- Church: Church of England
- In office: 2019–present
- Other posts: Bishop of St Germans (2013–2019) Acting Bishop of Truro (2017–2018)

Orders
- Ordination: 2000 (deacon) 2001 (priest)
- Consecration: 14 May 2013 by Justin Welby

Personal details
- Born: Christopher David Goldsmith 1954 (age 71–72)
- Denomination: Anglican
- Spouse: Ellen
- Children: two
- Profession: Biochemist and clergyman
- Education: Dartford Grammar School
- Alma mater: University of York

= Chris Goldsmith =

British Anglican bishop (born 1954)

Christopher David Goldsmith (called Chris; born October 1954) is a British Anglican bishop who has been the Church of England's national Director of Ministry since 2019. From 2013 until 2019, he was the Bishop of St Germans, the sole suffragan bishop of the Diocese of Truro, Church of England; he was additionally acting Bishop of Truro from 2017 to 2018.

==Early life==
Goldsmith was born in 1954. He was educated at Dartford Grammar School, an all-boys state grammar school in Dartford, Kent. He studied biochemistry at the University of York, graduating with a Bachelor of Arts (BA) degree in 1976 and a Doctor of Philosophy (PhD) degree in 1979.

==Career==

===Business career===
For 25 years, Goldsmith worked in the oil and gas industry. He worked for Shell International in Kent, Essex, Amsterdam and London. He began his career as a research scientist before moving into human resources and management roles.

===Religious career===
Goldsmith began his ministry in the Church of England when he was made a reader in 1984. He completed his training for ordained ministry with the North Thames Ministerial Training Course, studying part-time between 1997 and 2000. This probably makes him the first bishop to be course-trained, rather than through a traditional theological college.

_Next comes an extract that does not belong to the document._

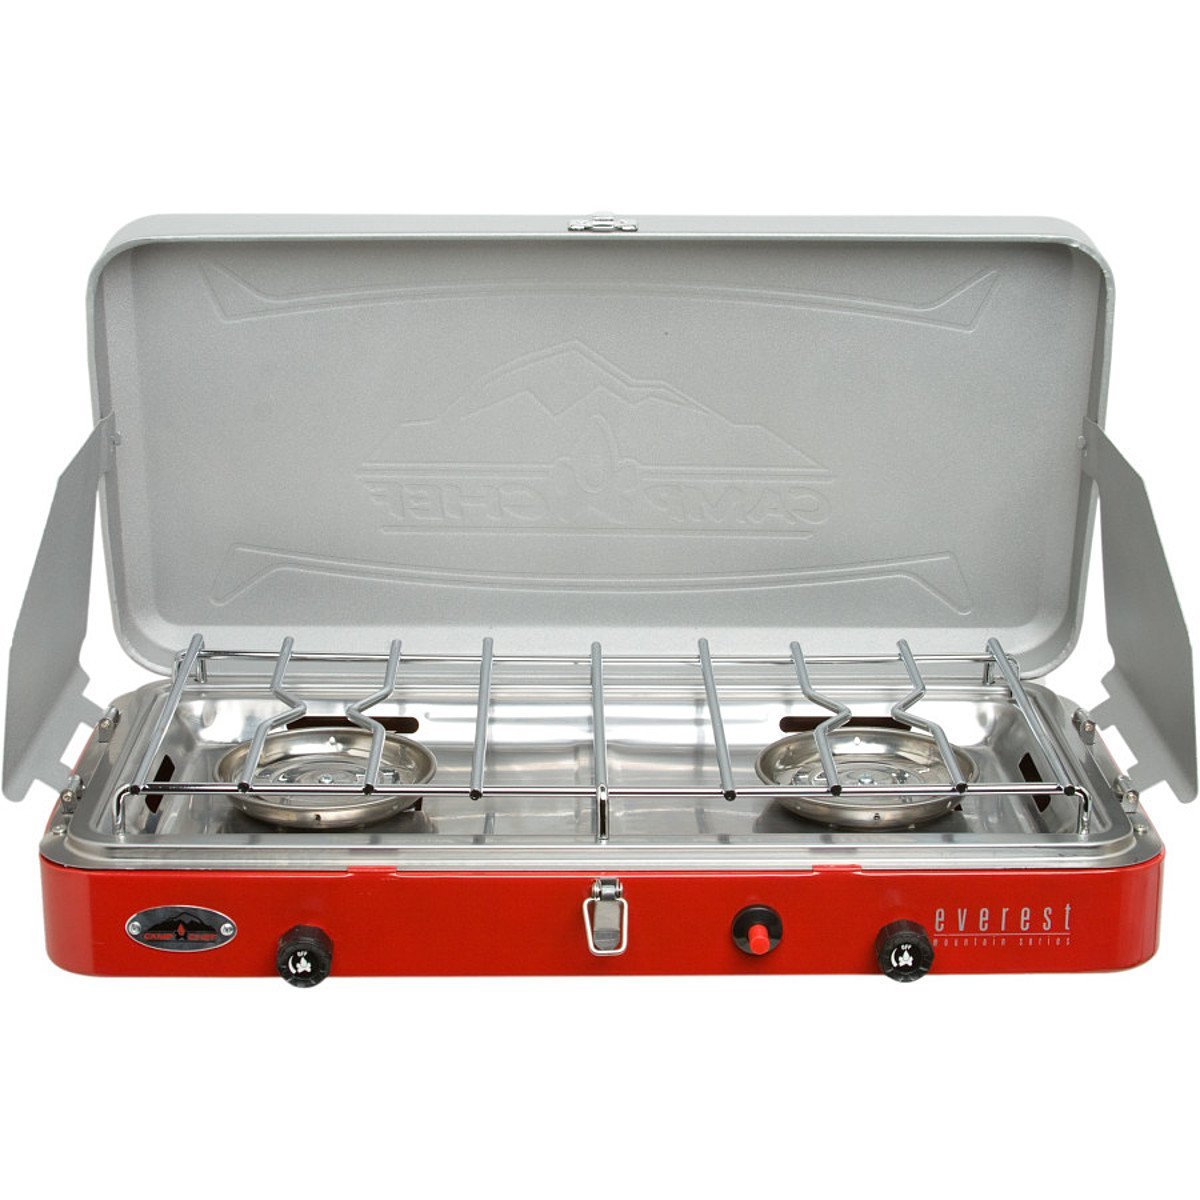 Camp Chef Everest High Output 2 Burner Stove, only $72.70, free shipping

Goldsmith was ordained in the Church of England as a deacon in 2000 and as a priest in 2001. He served his curacy at Pitsea with Nevendon, in the Diocese of Chelmsford. Pitsea is a deprived area of Essex and he found himself to be one of only a few professionals in the area. Between 2004 and 2013, he served as vicar of Warley Christ Church and St Mary the Virgin, Great Warley.

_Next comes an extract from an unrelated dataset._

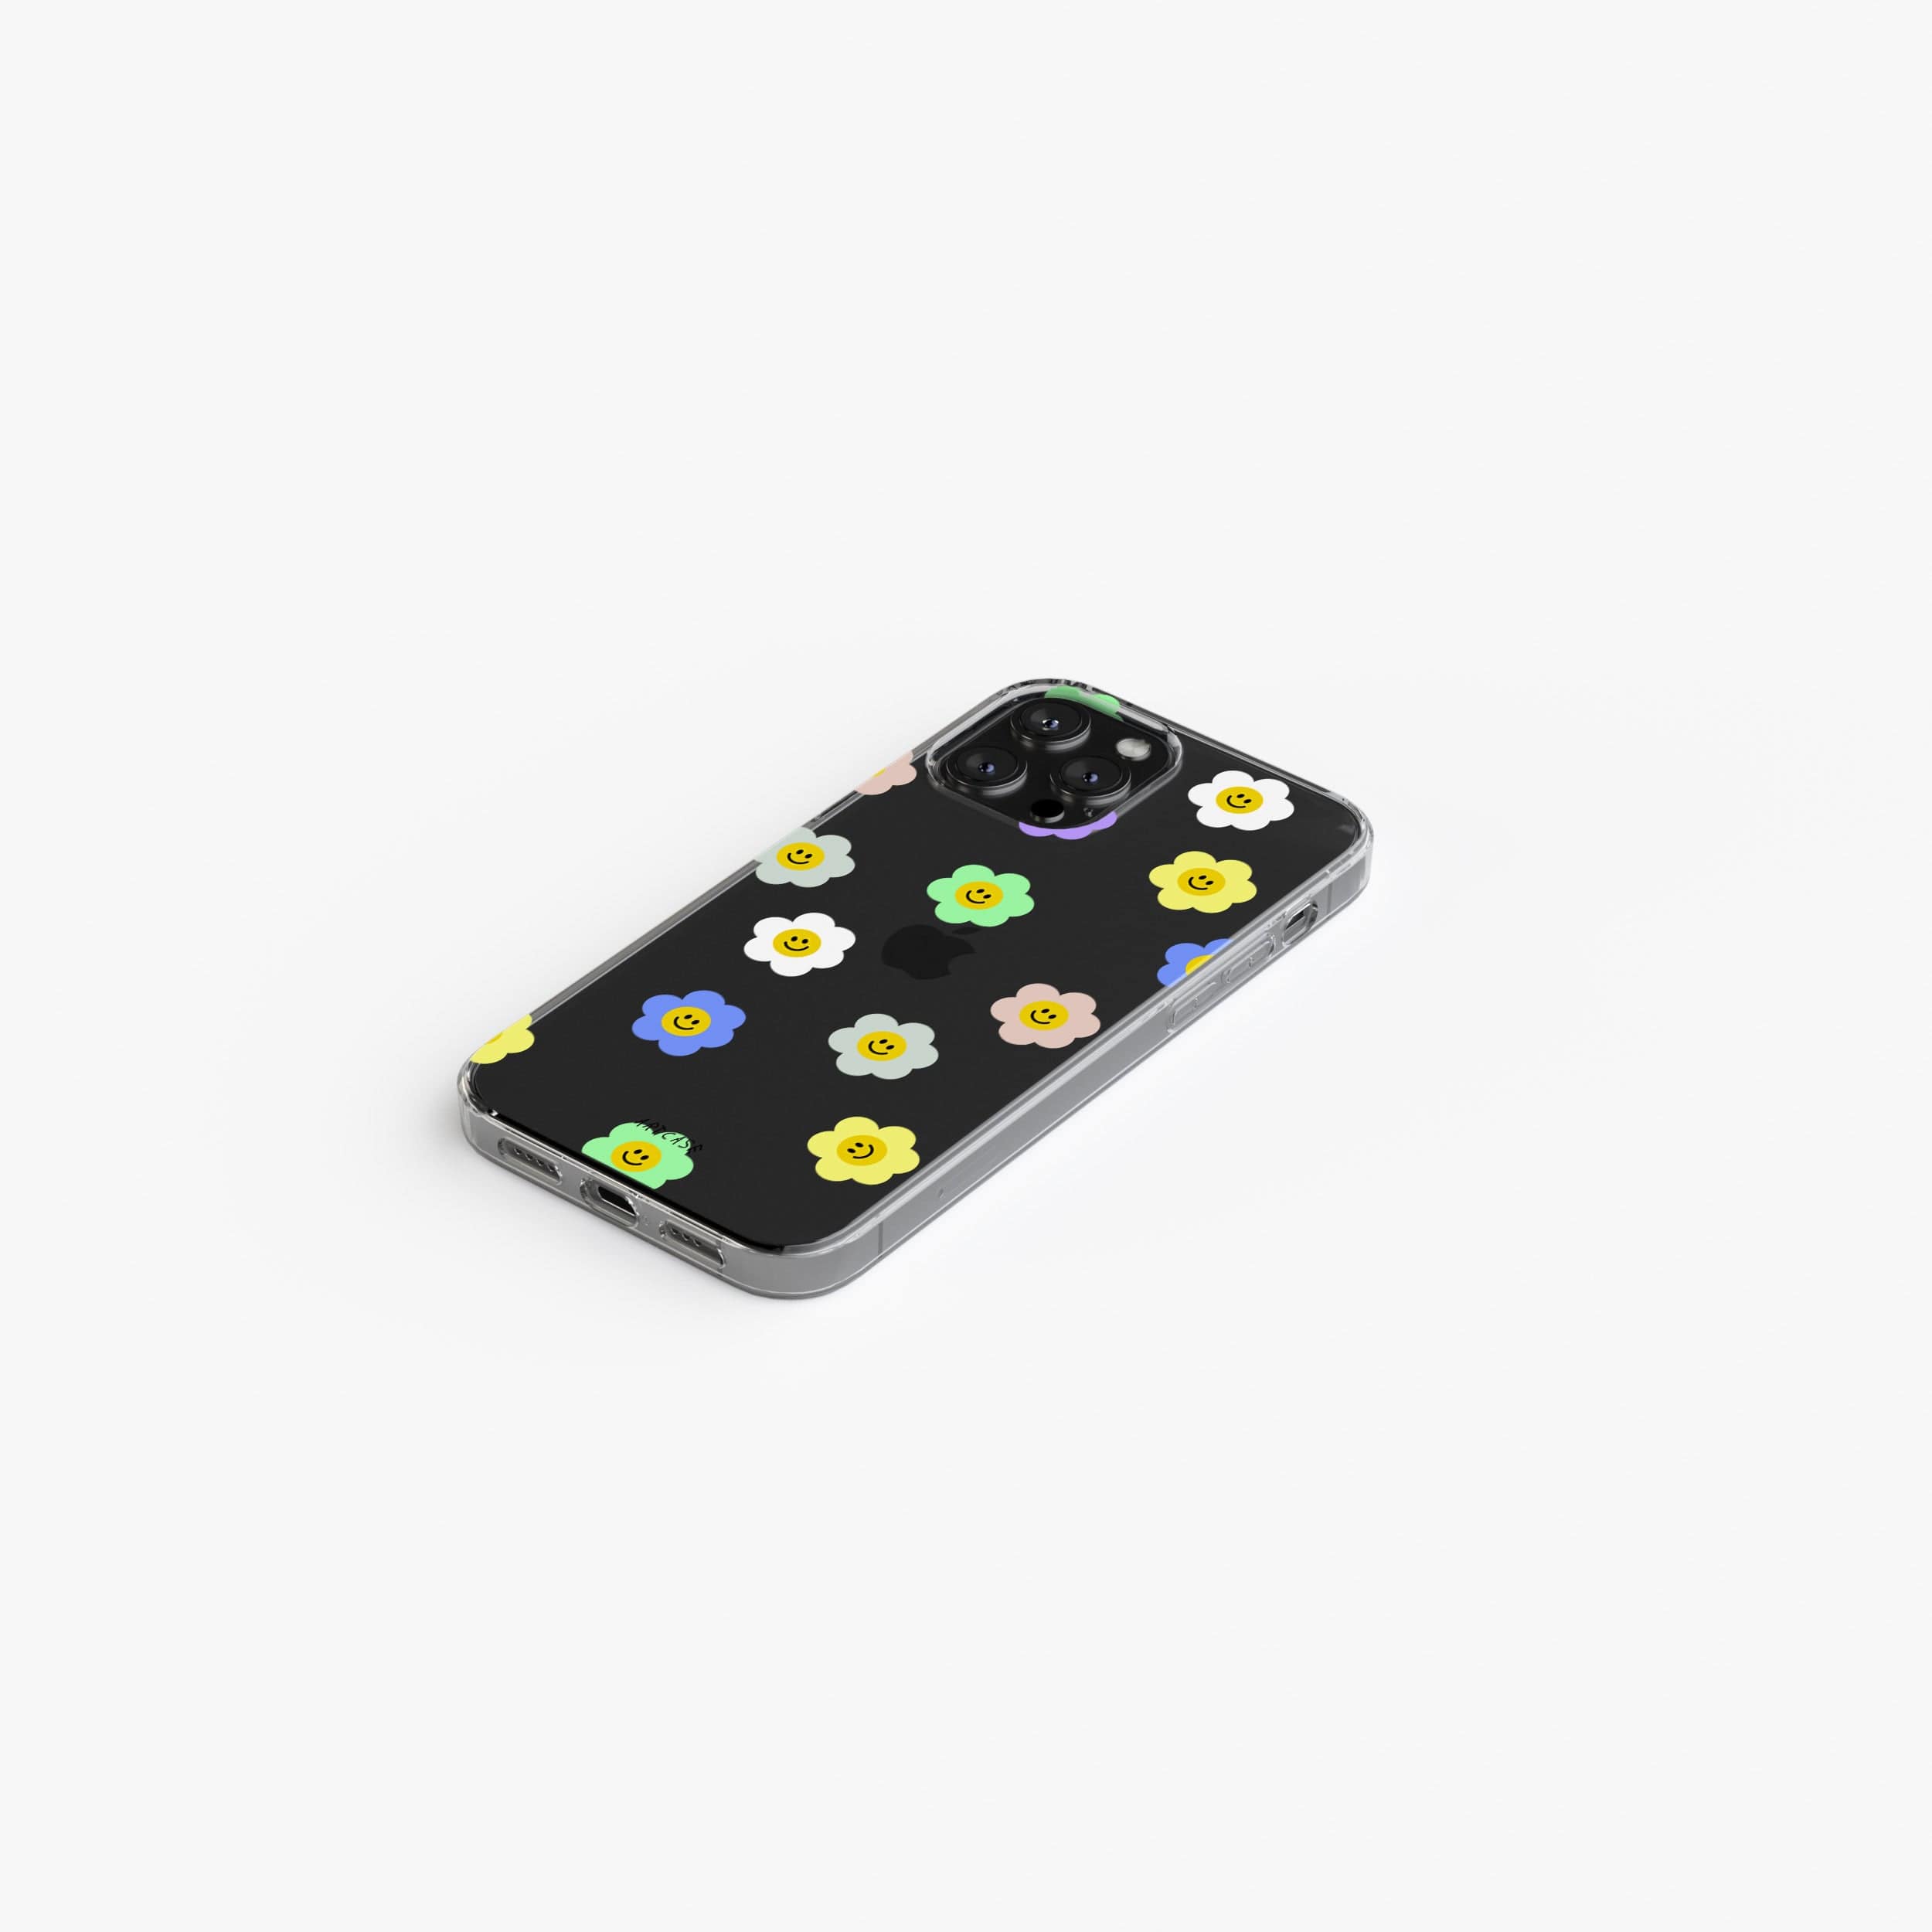 Transparent silicone case "Daisy with emoticons"

In March 2013, it was announced that he would succeed Roy Screech as the seventh Bishop of St Germans. On 14 May 2013, he was consecrated bishop by Justin Welby, Archbishop of Canterbury, during a service held at Southwark Cathedral. A service of welcome was held at Truro Cathedral on 19 May. He has also served as the Diocesan Warden of Readers since 2013.

In June 2019, it was announced that Goldsmith is to resign his See to become the Church of England's national Director of Ministry in September 2019. He resigned the See on 29 September 2019.

==Personal life==
Goldsmith is married to Ellen who is also an ordained priest. Together they have two children.